Effect of STs knockdown on VEGFR2 glycosylation, VEGF binding and VEGFR2 autophosphorylation. (a) RT–PCR analysis of ST6Gal-1 and ST3Gal-1 mRNA levels in HUVECs. GAPDH: 23, ST6Gal-1 and ST3Gal-1: 28 amplification cycles. (b) Quantitative RT–PCR analysis of ST6Gal-1 and ST3Gal-1 mRNA levels in ST6GAL-1s- and ST3/6GAL-1s-HUVECs. Data are expressed as fold change of target gene transcription in respect to ctrl-HUVECs (red dashed line), normalized to the internal standard control gene (GAPDH). (c, d) Ctrl- or ST6GAL-1s-HUVECs were stained with SNA-FITC or MAA-FITC and analyzed by flow cytometry. (e) Representative microphotographs of ctrl- or ST6GAL-1s-HUVECs decorated with SNA-FITC and analyzed by immunofluorescence using a Zeiss Axiovert 200M epifluorescence microscope. (f) Ctrl- and ST6GAL-1s-HUVECs were immunoprecipitated with the indicated biotinylated lectins and analyzed by WB with anti-VEGFR2 antibody. (g) Ctrl-, ST6GAL-1s- and ST3/6GAL-1s-HUVECs were stimulated with or without VEGF and analyzed by WB with anti-P-VEGFR2 antibody. Uniform loading was confirmed by WB with anti-FAK antibody. The experiments shown are representative of another one (a, c–f) or two (b, g) that gave similar results. (h) Quantification of the fluorescence intensity (expressed as VEGF/VEGFR2 ratio) of fluorescent ECD-VEGFR2-EYFP-A745 CHO-K1 treated with or without neuraminidase (nrmd) and incubated with VEGF and the indicated lectins and analyzed in immunofluorescence with anti-VEGF antibody. Data represents the media of 10–20 measurements for each sample. (*P<0.001).
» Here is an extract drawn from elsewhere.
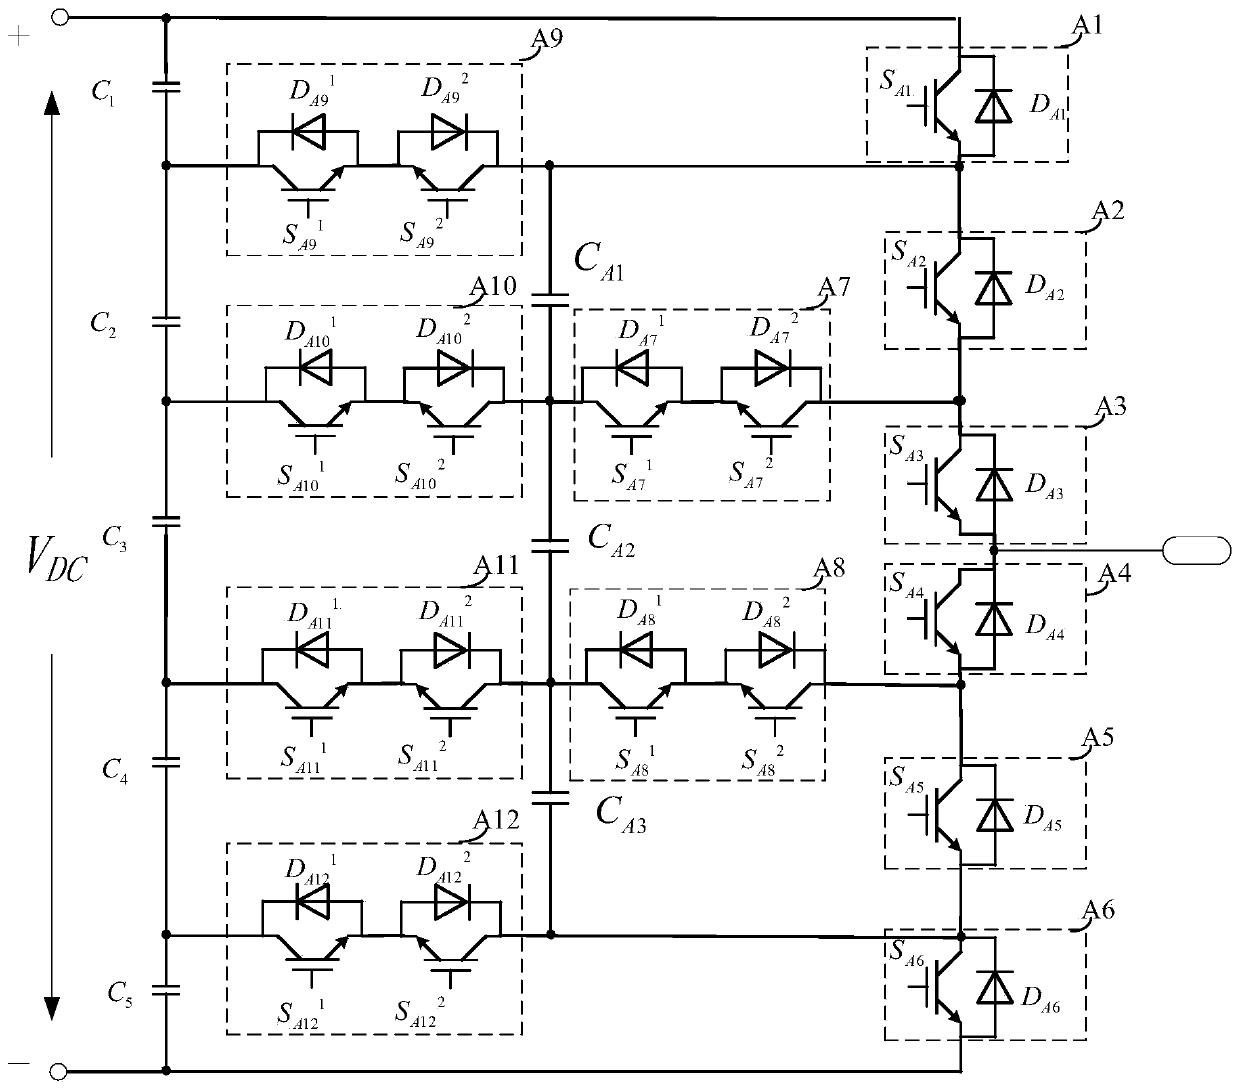 A six-level circuit topology for power conversion systems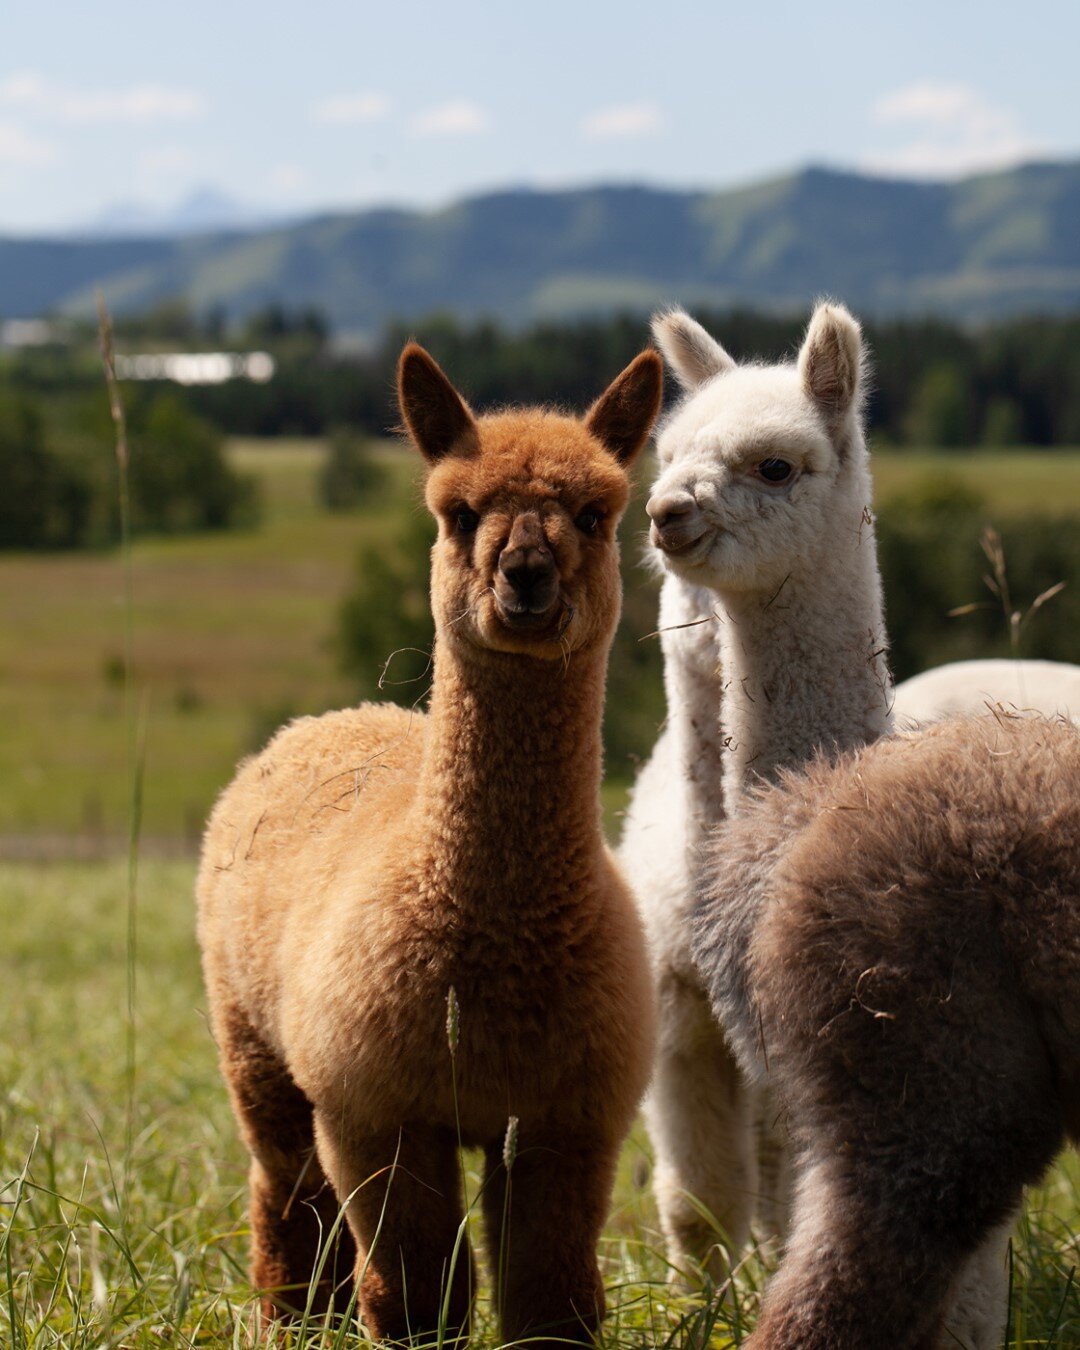 Alpaca Duvets!! We are excited to let you know we are know carrying Alpaca duvets.  Alpaca fibre is two times warmer than wool, hypoallergenic, lightweight, breathable, and durable. You are sure to be cozy &amp; get a good night&rsquo;s sleep tucked

To confirm this possibility, we studied VEGF binding to VEGFR2 in A745 CHO-K1 cells that spontaneously lack the ST6Gal-1 enzyme,36 express low levels of HSPGs37 and that were stably transfected to overexpress an EYFP-tagged VEGFR2 (ECD-VEGFR2-EYFP-A745 CHO-K1 cells). In these cells, VEGF/VEGFR2 interaction occurs also in the absence of α(2,6)-linked NeuAc and is inhibited by neuraminidase treatment and, due to the specific α(2,3) sialylation of these cells, by MAA. The specificity of this latter inhibitory effect is proven by the observation that, in the same experimental conditions, lectins SNA, UEA-1, LEL or ECL are ineffective (Figure 6h). Together, these data confirm that α(2,3)-linked NeuAc can functionally replace α(2,6)-linked NeuAc on VEGFR2.
In a final effort, we sought to evaluate if the functional ST3Gal-1-dependent compensation observed after ST6GAL-1 silencing could be abolished by neutralizing the two STs at once. To this purpose, a double knockout was performed to silence both the ST6GAL-1 and ST3GAL-1 genes simultaneously, generating the ST3/6GAL-1s-HUVECs. qRT–PCR analysis revealed that the double silencing effectively inhibits the transcription of both the targeted STs (Figure 6b). At a functional level, the simultaneous silencing of ST6GAL-1 and ST3GAL-1 genes prevents VEGF-dependent autophosphorylation of VEGFR2 in ST3/6GAL-1s-HUVECs (Figure 6g), further sustaining the role of VEGFR2 sialylation in mediating the pro-angiogenic activity of VEGF.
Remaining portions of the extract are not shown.